[[ INFORMATION SHOWN open ]]

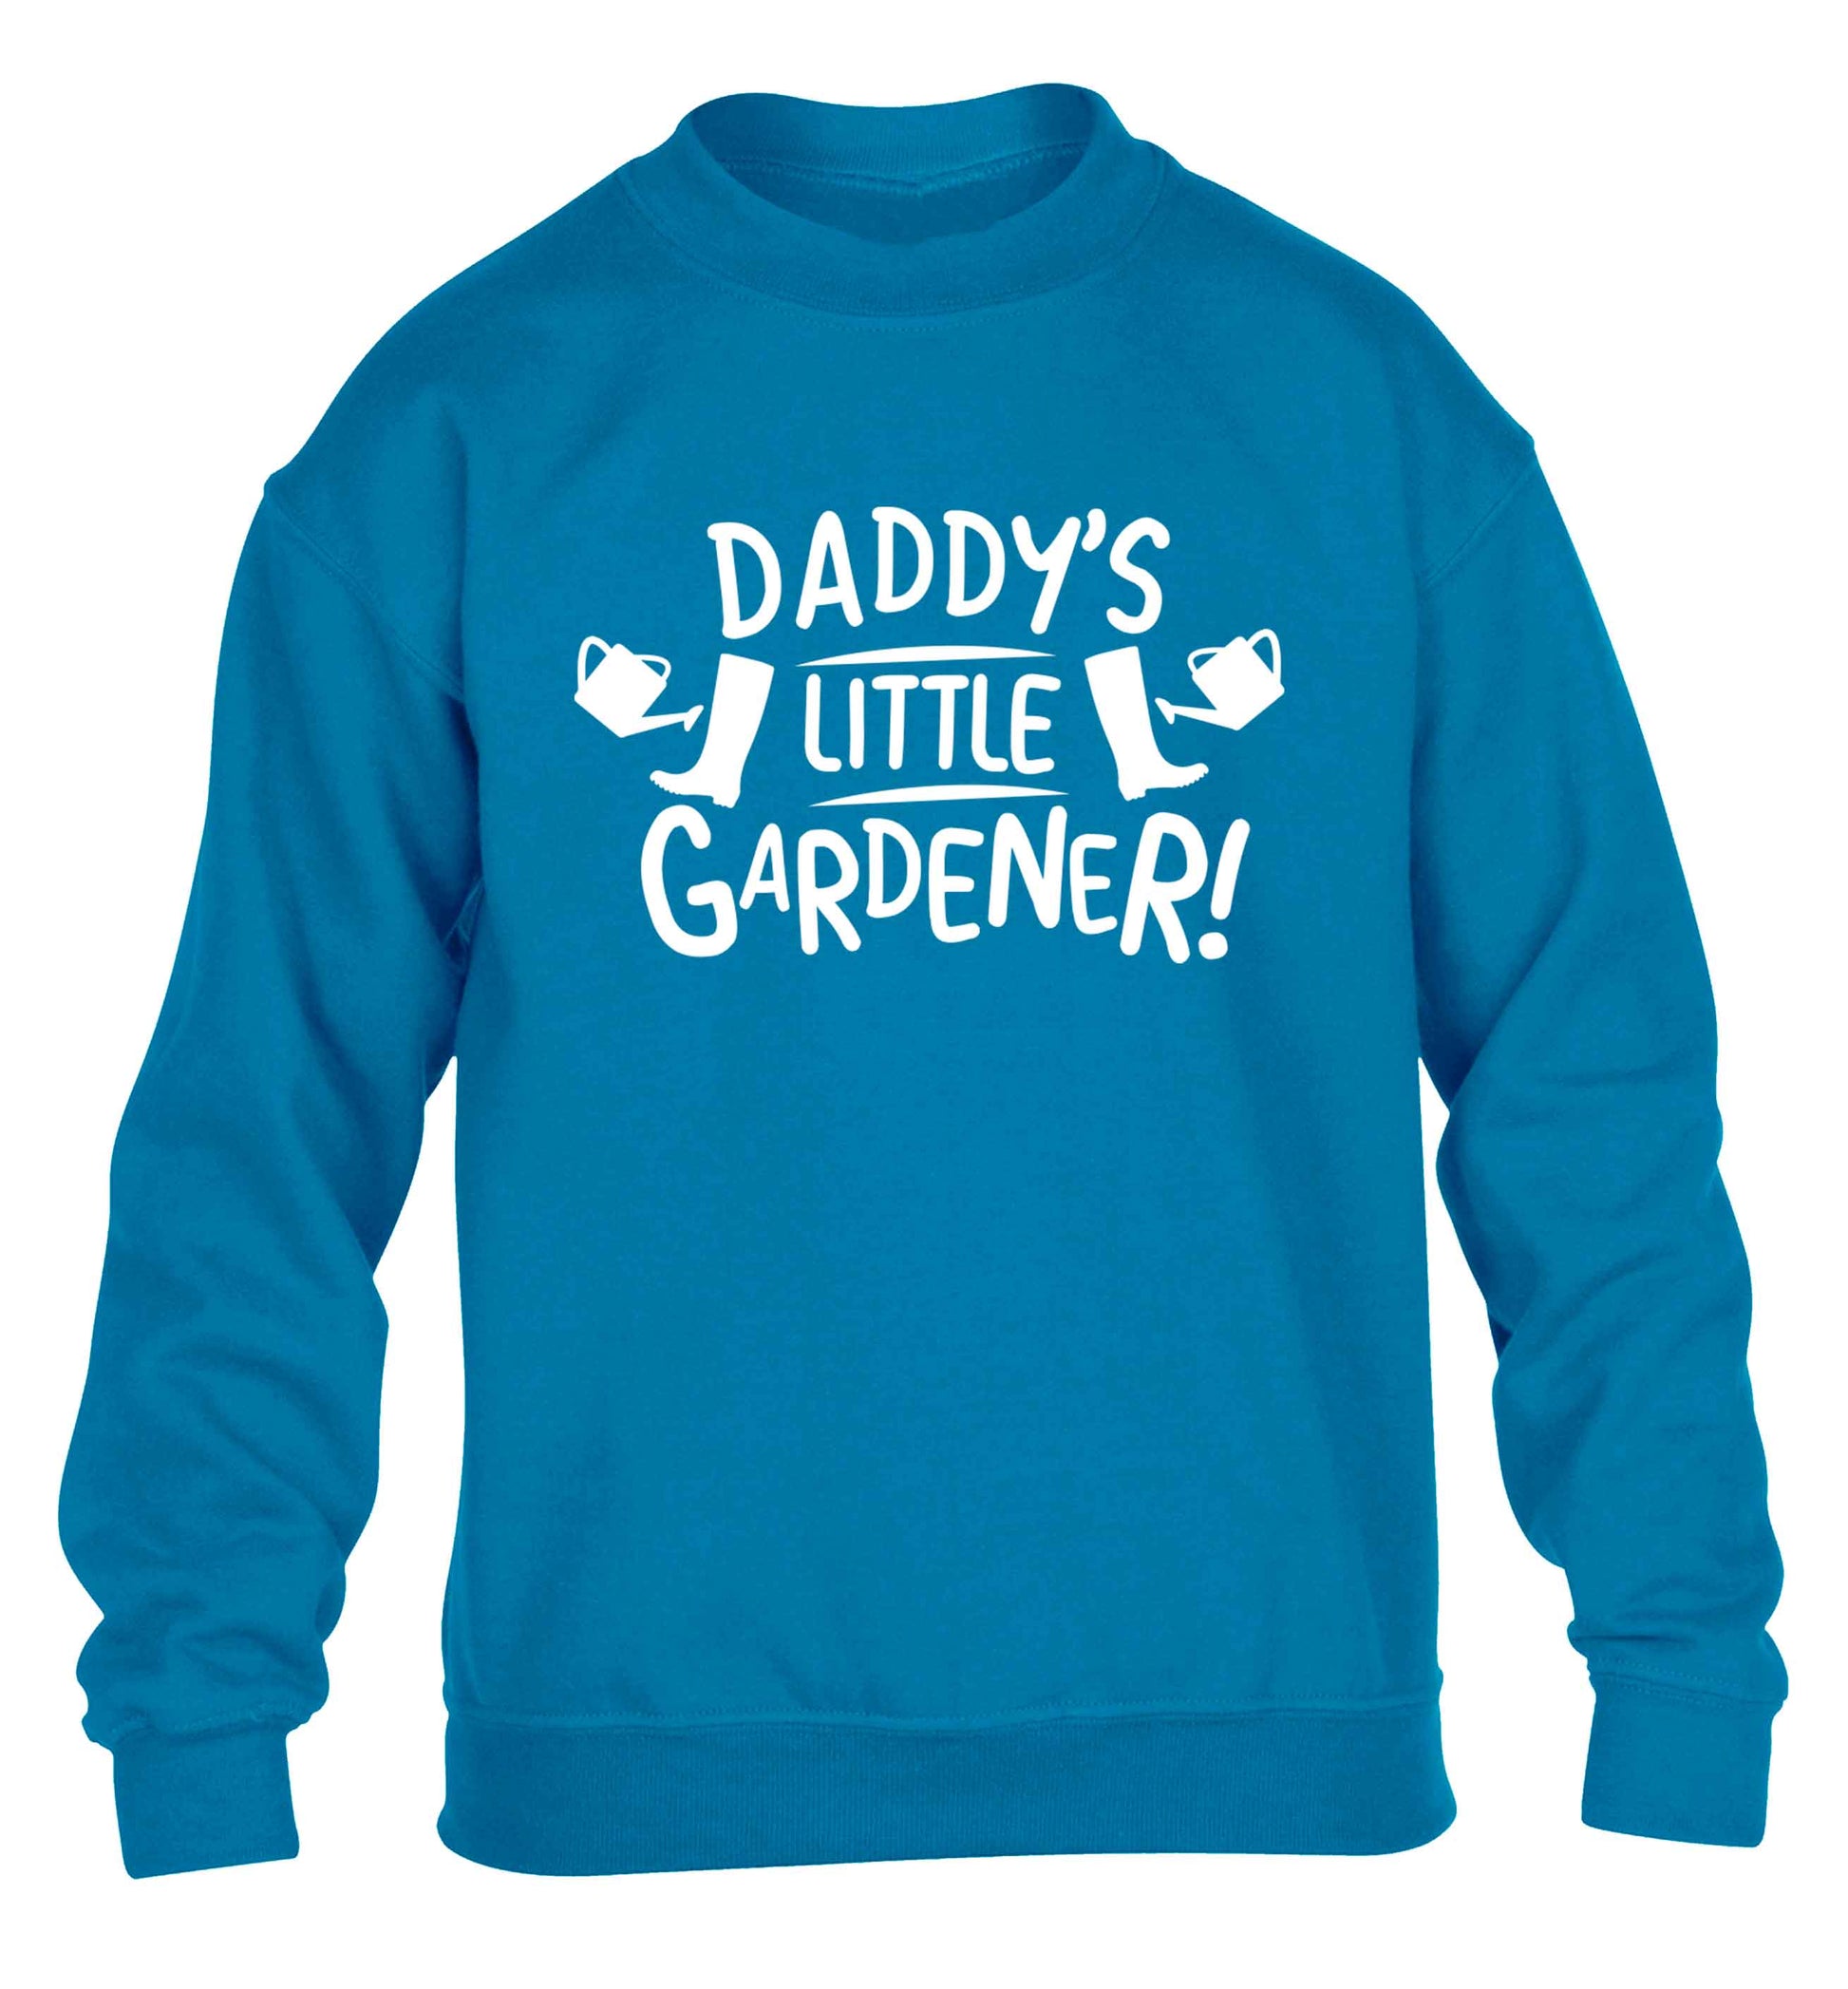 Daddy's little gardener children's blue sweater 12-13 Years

[[ INFORMATION SHOWN closed ]]
[[ INFORMATION SHOWN open ]]

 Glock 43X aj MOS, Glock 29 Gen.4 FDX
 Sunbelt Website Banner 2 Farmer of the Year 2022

[[ INFORMATION SHOWN closed ]]

TASK TO COMPLETE: Take the entries above and return only the lines from the one with "Glock 43X aj MOS, Glock 29 Gen.4 FDX" to the one with "Sunbelt Website Banner", both included, unchanged.

EXERCISE OUTPUT:
 Glock 43X aj MOS, Glock 29 Gen.4 FDX
 Sunbelt Website Banner 2 Farmer of the Year 2022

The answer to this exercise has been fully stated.